In the spring of 2012, Jillian Hinderliter (BA 2012, MA 2013), a senior History major and Jewish Studies minor, found herself in a quandary. She had learned of the prominence of Jewish women in the women’s health movement; eight of the 12 original founders of the groundbreaking women’s health collective “Our Bodies, Ourselves” were Jewish, for example, as were four of the five founders of the National Women’s Health Network. She wanted to know more about these women’s work, their motivations, and the extent to which their experiences were conditioned by their Jewish identity. Yet existing scholarship on the women’s health movement revealed little about the relationship between these activists’ work and their Jewishness.
Many undergraduates would have stopped there, opting for a different – and less challenging – topic as a research paper. Hinderliter, however, was determined. Over the course of the semester, she conducted extensive oral histories with seven women, including Paula Doress-Worters, one of the founding members of the Boston Women’s Health Book Collective in 1969; Judi Hirschfield-Bartek, whose breast cancer activism began in the 1990s; and Rochelle Shoretz, who founded Sharsheret, a cancer support group for Jewish women, in 2001. (Shoretz passed away in the summer of 2015, at the age of 42.)
Along with archival material and secondary research, these oral histories formed the basis for Hinderliter’s impressive senior thesis, “Winning the Right to Respect, Equality, and the ‘Means of Reproduction’: Assessing Jewish Women as Women’s Health Activists, 1968-Present.” Although the focus of women’s health activism changed over the decades and the nature and impact of the women’s Jewish identity varied considerably, certain themes were clear.
“[T]hese women were often motivated by an infinitely complex equation of experiences,” Hinderliter argued, “including, but certainly not limited to: their historical understanding of Jews as a marginalized religious and ethnic minority; the cultural, ethical, and political traditions of that minority; and ultimately the unifying experience of womanhood in a nation that routinely placed medical authority over the female body in the hands of patronizing, often dismissive men.”
After receiving her MA in 2013 through the Plus One program in History, Hinderliter spent the next two years working at the Trinity College Library in Hartford, CT. But that senior project continued to percolate in the back of her mind. Those interviews were too important to sit, unused, on her computer, she realized. Either they needed to be deposited in an archive for other scholars to use in the writing of the women’s health movement, or she needed to use them herself. She soon realized she wanted to be the scholar to write that history. And so, in the winter of 2014-15, she applied to graduate school.
This spring, Hinderliter is completing her first year in the Ph.D. program in History at the University of South Carolina.
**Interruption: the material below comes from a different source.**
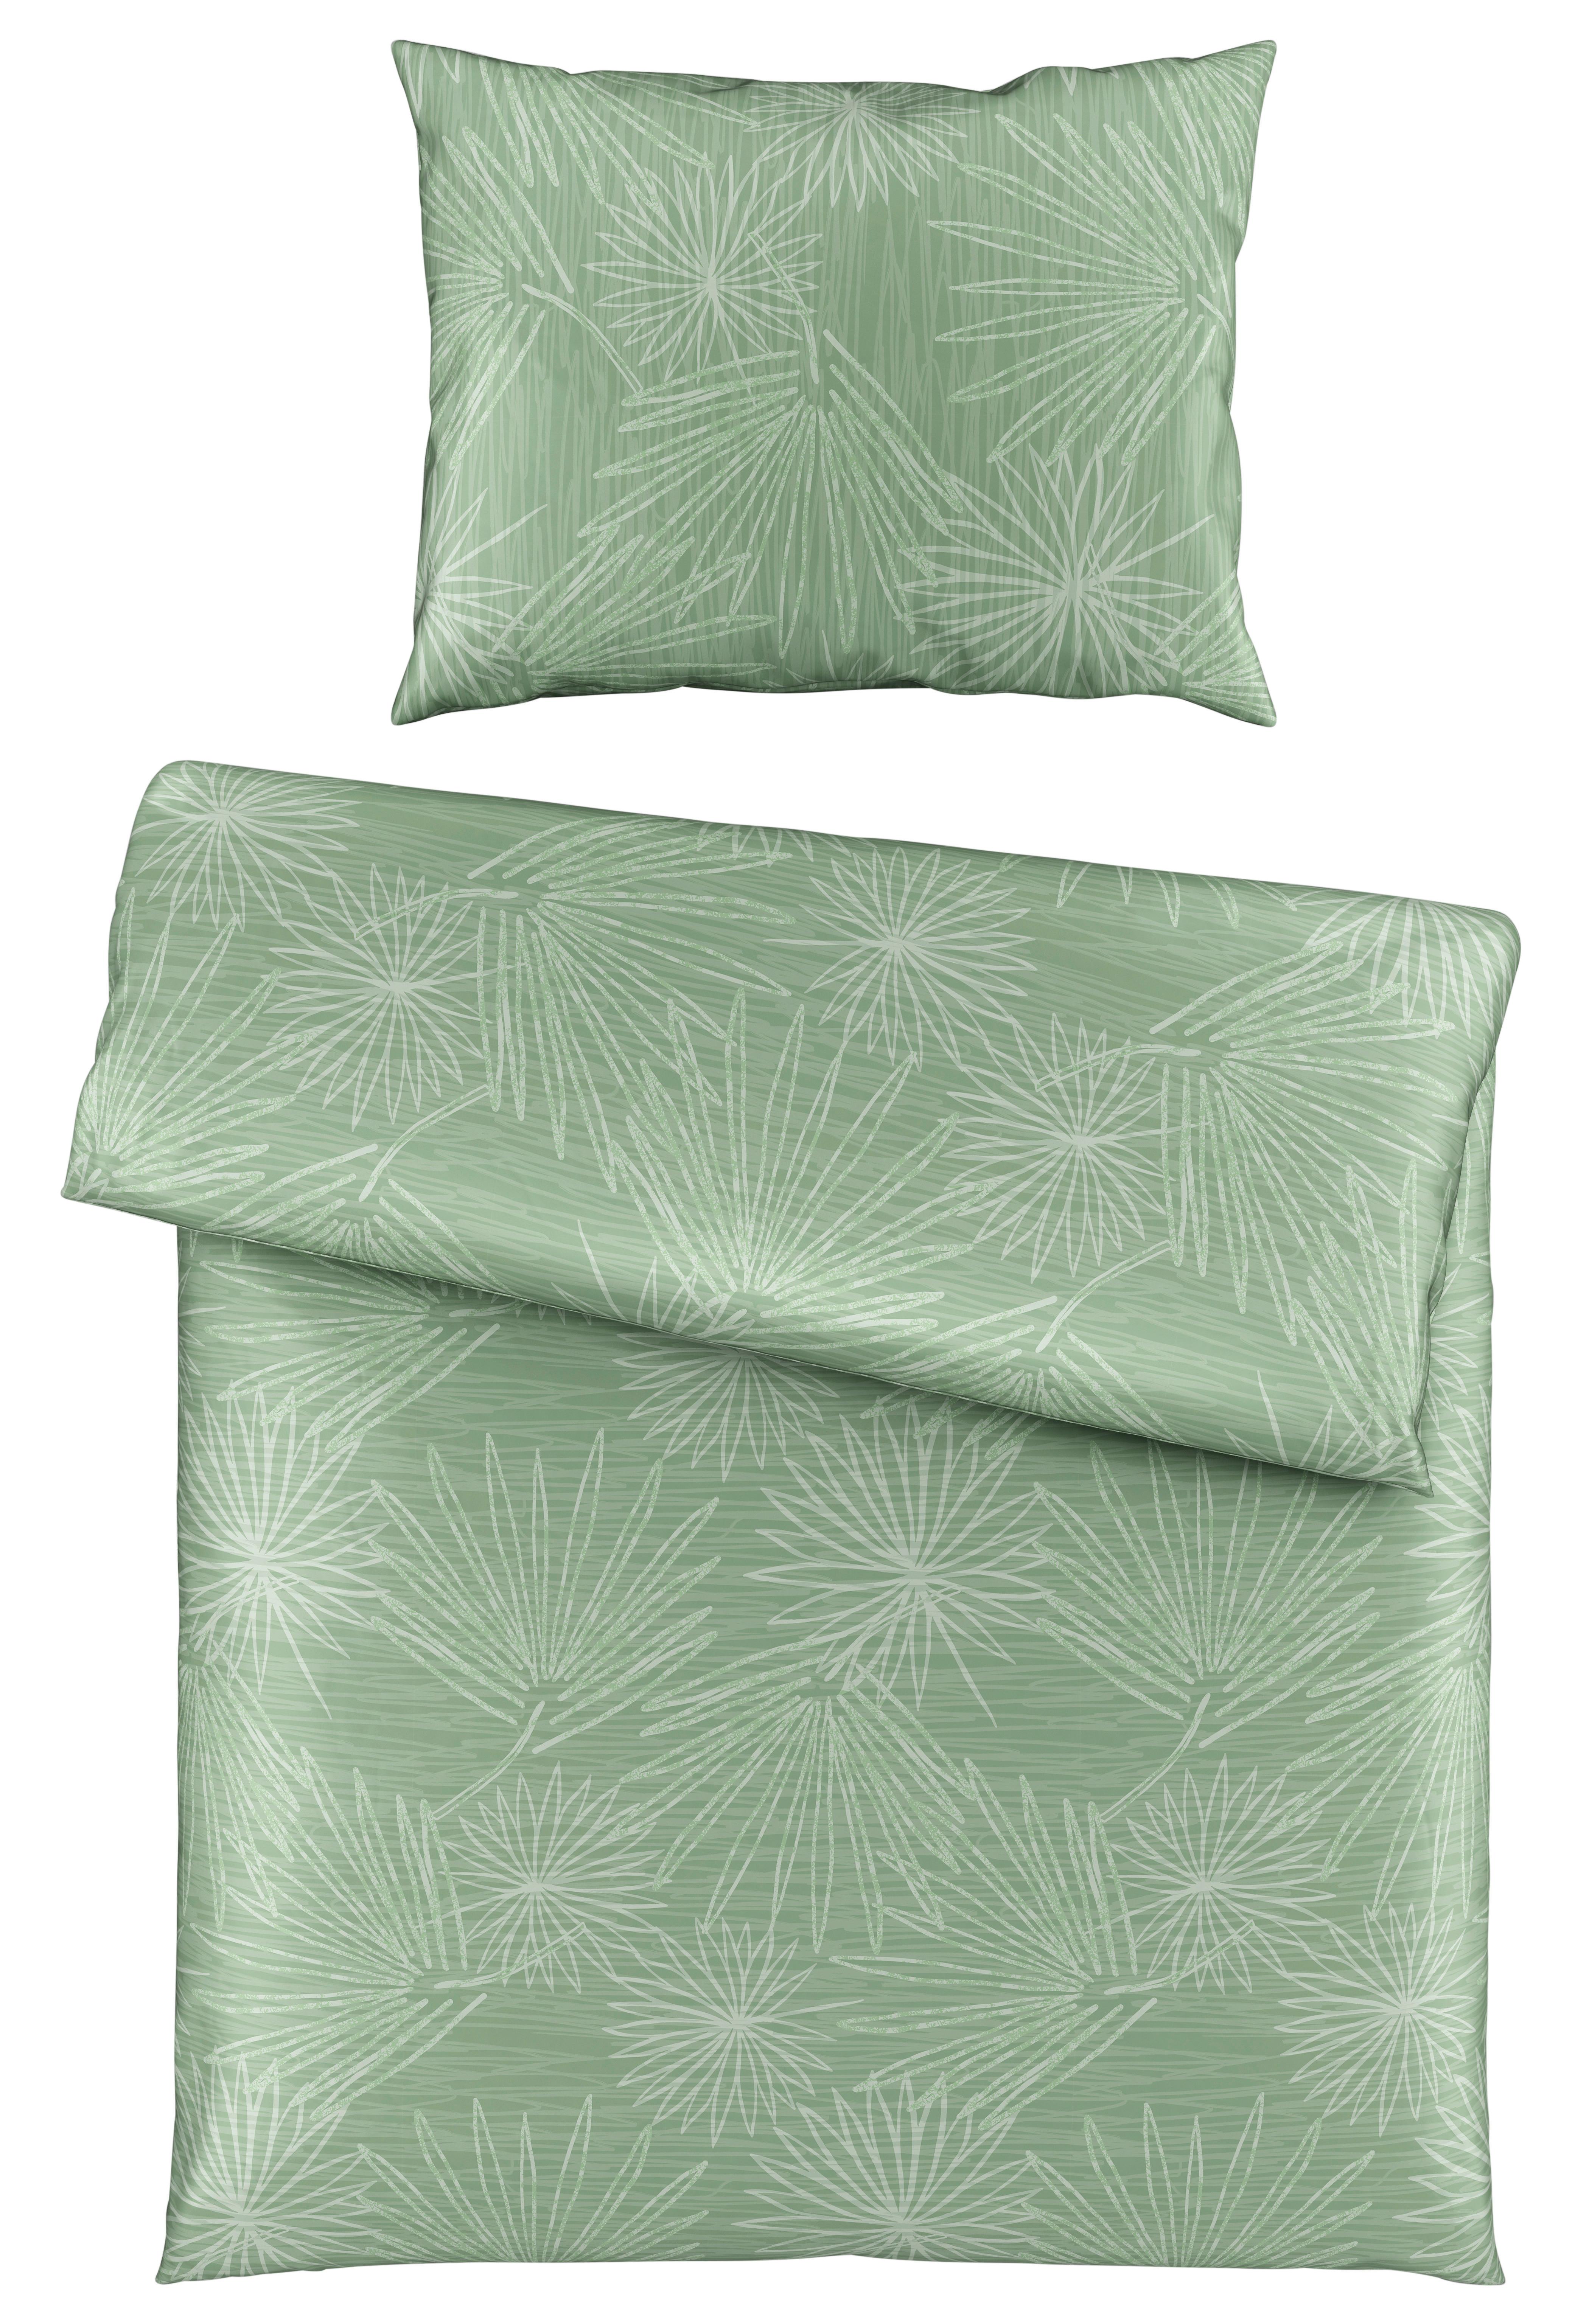 Lenjerie de pat Cora - verde, Konventionell, textil (140/200cm) - Premium Living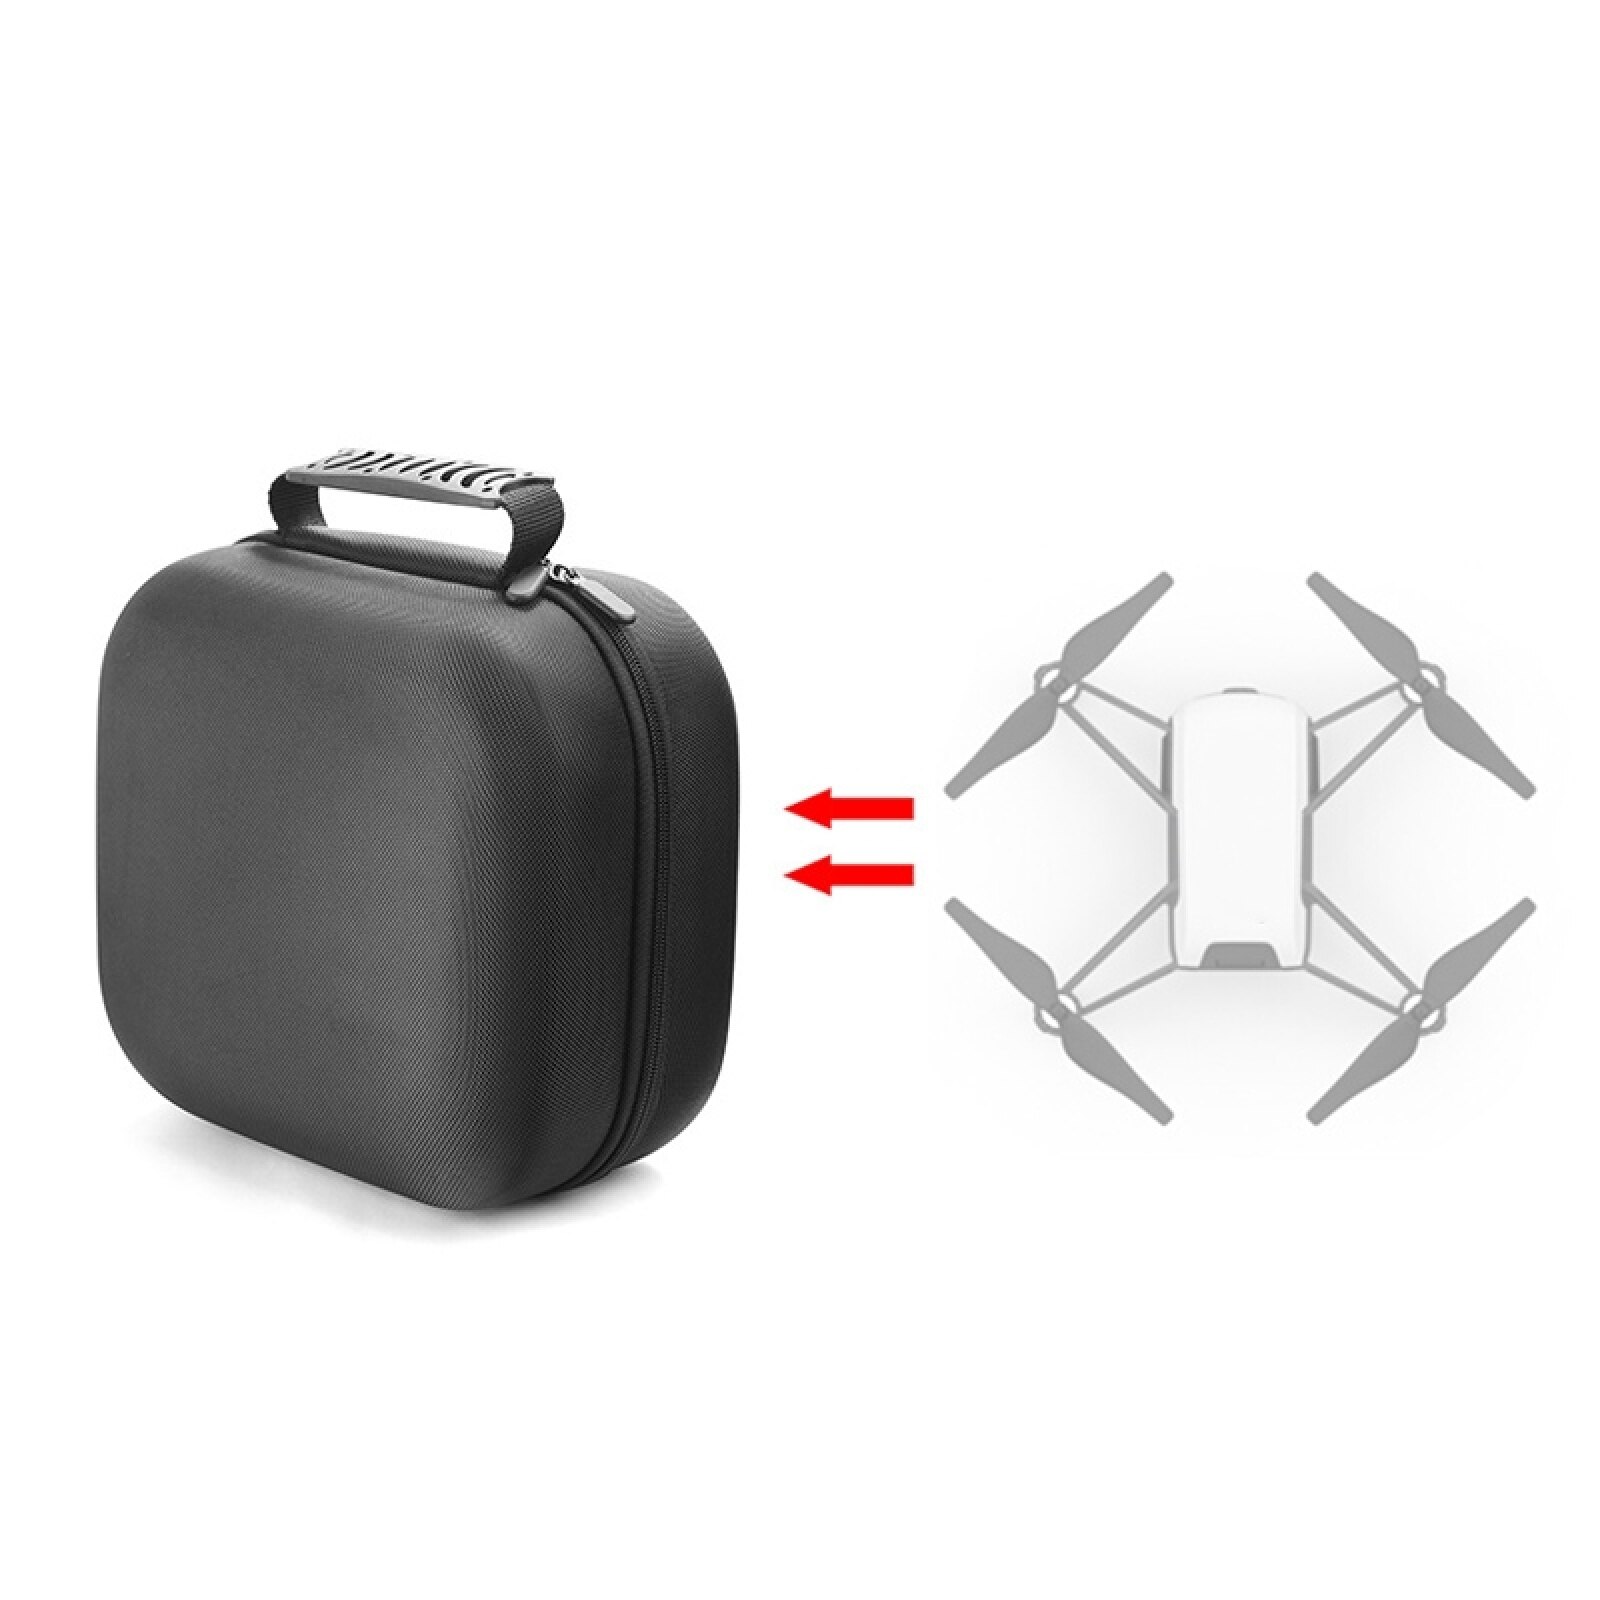 Tragbare Clever Heimat Projektor Schutzhülle Tasche Für MIJIA Lite Mini Projektor-Reise Durchführung Lagerung Tasche Für DJI TELLO Drohne

Having grown up in Pennsylvania and attended college in the Northeast, she is enjoying diversifying her experiences as a student and a teacher at a large, public Southern university and getting a Southern perspective on both women’s history and Jewish Studies.
Right away Hinderliter had the opportunity to continue her own research. Invited to attend the 40th anniversary celebration of the National Women’s Health Network in November 2015, she met many of the Network’s founders and early board members and collected additional oral histories. She has maintained her focus on Jewish women, struck by their continued absence in existing scholarship on the movement. New books have appeared on African American and Latina women, she observes, but little attention has been paid to the specificity of Jewish women’s involvement, perhaps because of the assumption that Jews’ whiteness made them indistinguishable from other white activists.
In early April, Hinderliter presented her first academic paper, speaking on “Activist Bodies, Jewish Identities: Profiles of Jewish American Feminists in the Women’s Health Movement, 1968-Present” on a panel on Race, Politics, and Health at the Southeastern Women’s Studies Association conference.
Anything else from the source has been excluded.